This package provides a python module to convert the election results of Harris County, Texas, into csv format. It accepts as input the PDF canvass report for the entire county. E.g., General and Special Elections of November 2016. The PDF canvas reports are available online here.
It also generates a separate csv file for each office or proposition being tallied. The module will correct common errors on the OCR, but the final output is not accurate and requires manual review. For instance, the raw output for the November elections of 2012, 2014, and 2016 will look similar to this.

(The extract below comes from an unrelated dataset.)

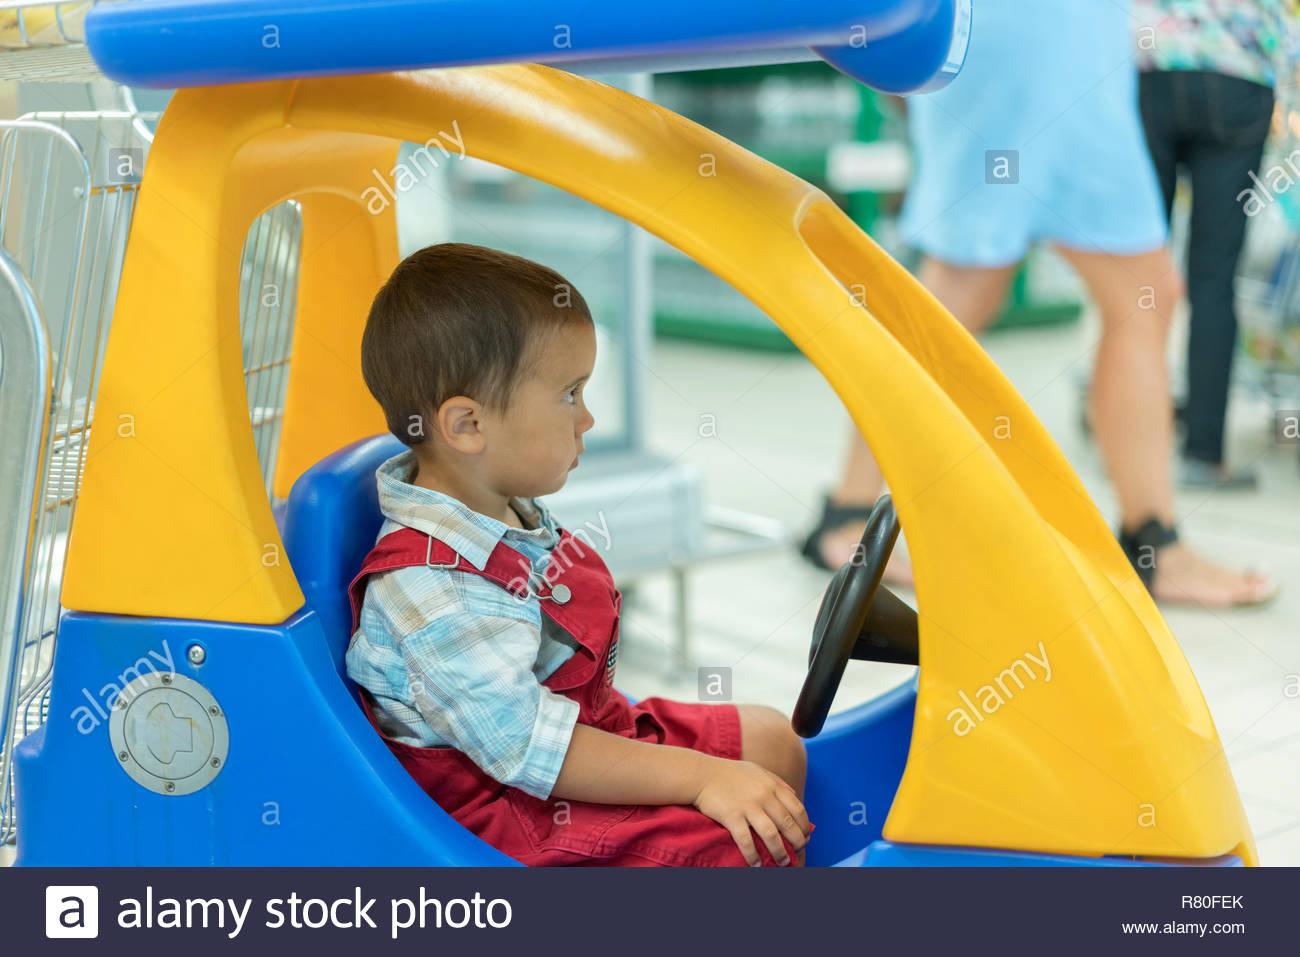 Adorable Petit 2 Ans Bébé Garçon Enfant Dans Le Petit Jouet intérieur Jouet 2 Ans Garçon

Please note that it does not process the cummulative reports.
- pytesseract
- PyPDF2
- Pillow
- cv2 (OpenCV 3.3+) See, e.g., opencv-python or compile OpenCV with the Python module
- GPL Ghostscript 9.18+
- This script converts each page of the PDF into a TIFF file using Ghostscript.
- Check your version:
gs -v
- Ubuntu:
sudo apt-get install ghostscript
- macOS:
brew install ghostscript
usage: convert-election-results.py [-h] [-p PDF] [-i IMAGE_FILE]
[--first-page FIRST_PAGE]
[--last-page LAST_PAGE] [-o OUTPUT_PATH]
[-v] [-d]
Convert election results to computer readable format, e.g., csv, json, xml
optional arguments:
-h, --help show this help message and exit
-p PDF, --pdf PDF PDF file to process
-i IMAGE_FILE, --image-file IMAGE_FILE
image file to process
--first-page FIRST_PAGE
page to begin processing
--last-page LAST_PAGE
page to end processing
-o OUTPUT_PATH, --output-path OUTPUT_PATH
path to write csv files
-v, --version show program's version number and exit
-d, --debug print debug messages
This product uses the election results available from the Harris County Clerk but is not endorsed or certified by the Harris County Clerk.